Having said that, the hyperspy way to do this is as you are suggesting. However, there should be a common CL structure regardless of the navigation axis (e.g. a structure that contains all the features from the 2 CL examples you have above).
If we do take this hyperspy metadata way, then PL and CL metadatas would have many common Detector
sub-node (similar to the common EDS node for SEM and TEM in hyperspy).
While there would be some repetition, it may make more sense to stick to the hyperspy structure.
from lumispy.
Good point, CL/PL/EL would be encoded in Signal.signal_type
anyway.
Along a similar line is this HyperSpy issue hyperspy/hyperspy#2095 - it proposes that SEM/TEM nodes should be merged to a microscope node, as they have similar structure and e.g. the acquisition_mode
field or another extra field like microscope_type
would just distinguish the type. Unfortunately, it has not seen much resonance.
from lumispy.
Still, how about having CCD/PMT as well as SI as subsets of spectrometer? The important thing I would say is the overall structure.

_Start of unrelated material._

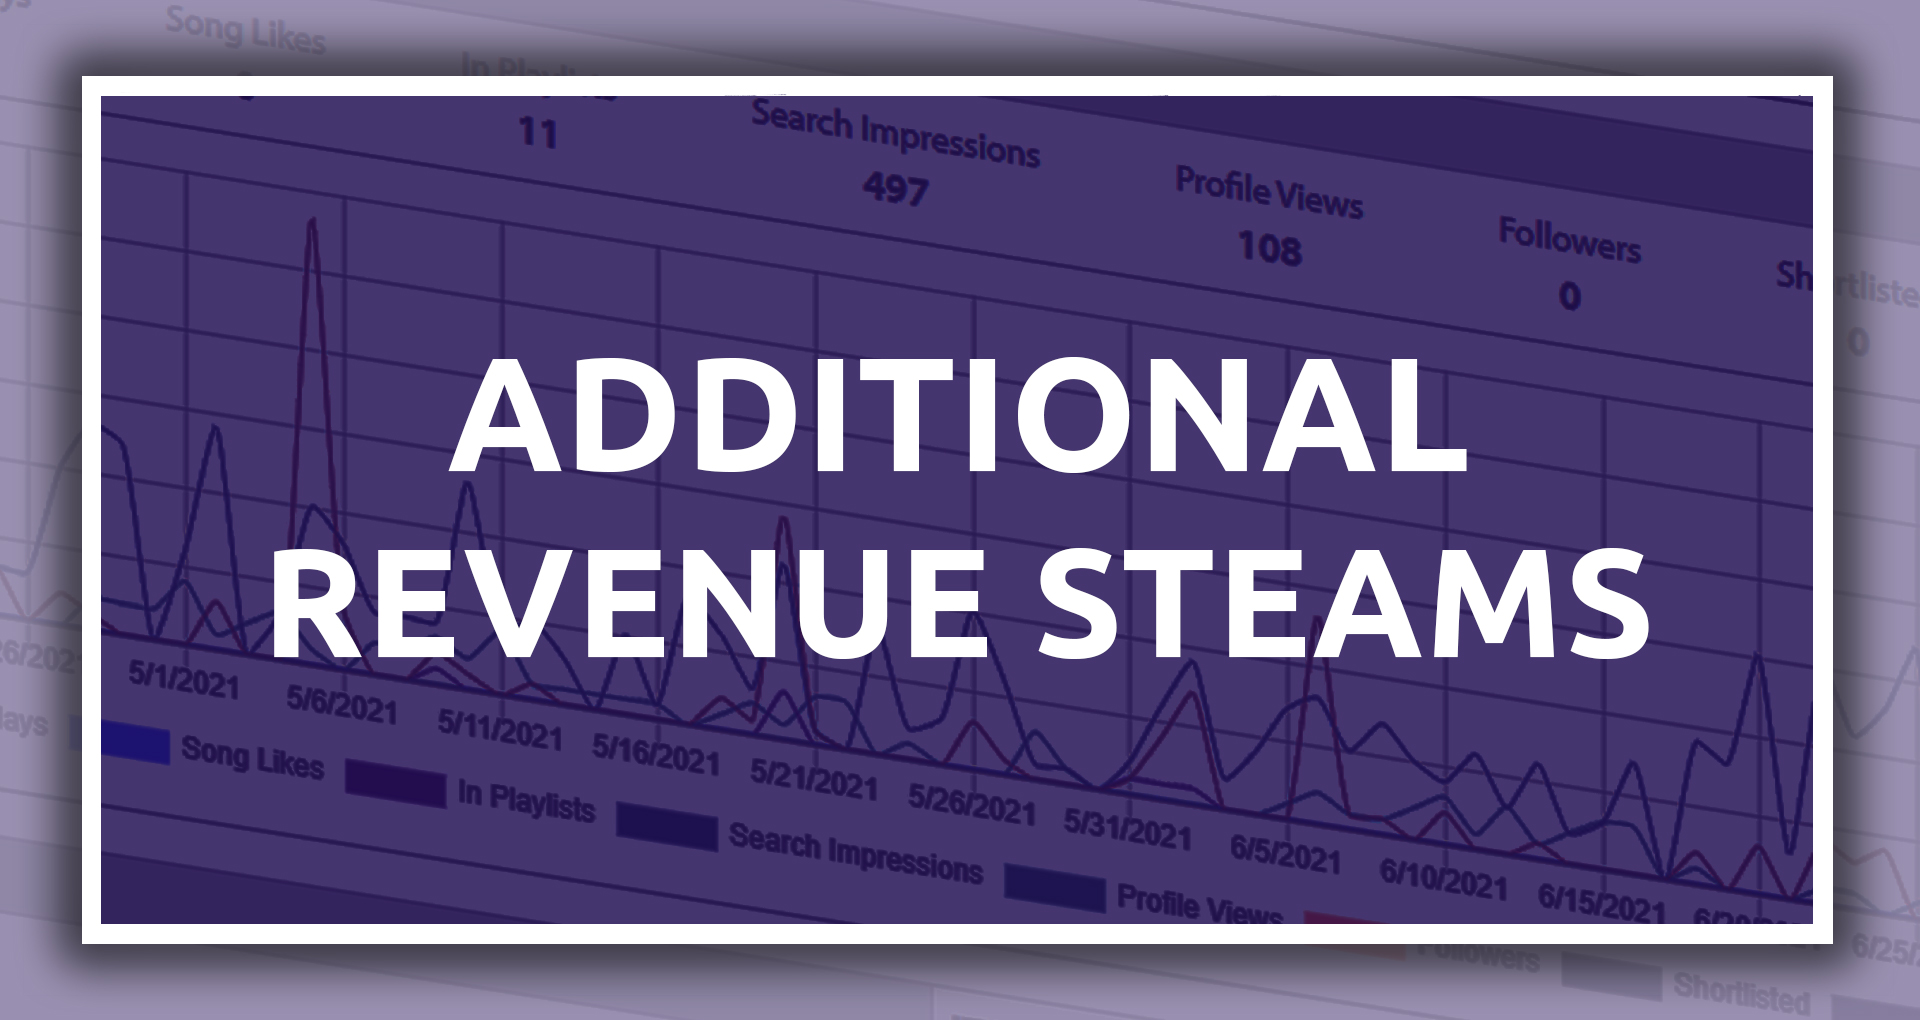 Additional Revenue Streams

Every instrument may still have variations of the available parameters.
The names should not contain spaces and special signs, so the units would have to be either following fixed convention, or they might be added as an additional metadata fiels such as life_time_units
.
├── Acquisition_instrument
│ ├── Spectrometer
│ │ ├── model_name
│ │ └── acquisition_mode
│ │ ├── central_wavelength (nm)
│ │ └── entrance_slit_width (mm)
│ │ ├── Grating
│ │ │ ├── groove_density (gr/mm)
│ │ │ ├── blazing_angle (º)
│ │ ├── CCD
│ │ │ ├── model_name
│ │ │ ├── life_time (ms)
│ │ │ ├── real_time (ms)
│ │ │ ├── binning
│ │ │ ├── processing
│ │ │ ├── signal_amplification (xN)
│ │ │ ├── readout_rate (MHz)
│ │ │ └── pixel_width (mm)
│ │ ├── SI
│ │ │ ├── drift_correction_periodicity = 1
│ │ │ ├── drift_correction_units = second(s)
│ │ │ └── mode = LineScan
In case of PMT it would become e.g.:
├── Acquisition_instrument
│ ├── Spectrometer
│ │ ├── model_name
│ │ └── entrance_slit_width (mm)
│ │ └── exit_slit_width (mm)
│ │ └── acquisition_mode
│ │ ├── Grating
│ │ │ ├── groove_density (gr/mm)
│ │ │ ├── blazing_angle (º)
│ │ ├── PMT
│ │ │ ├── model_name
│ │ │ ├── dwell_time (ms)
│ │ │ ├── real_time (ms)
│ │ ├── start_wavelength = 166.233642578125
│ │ └── step_size = 0.5
from lumispy.
How do you distinguish between life_time
and real_time
is it automatically calculated? Gatan does not have such a distinction.
from lumispy.
How do you distinguish between
life_time
andreal_time
is it automatically calculated? Gatan does not have such a distinction.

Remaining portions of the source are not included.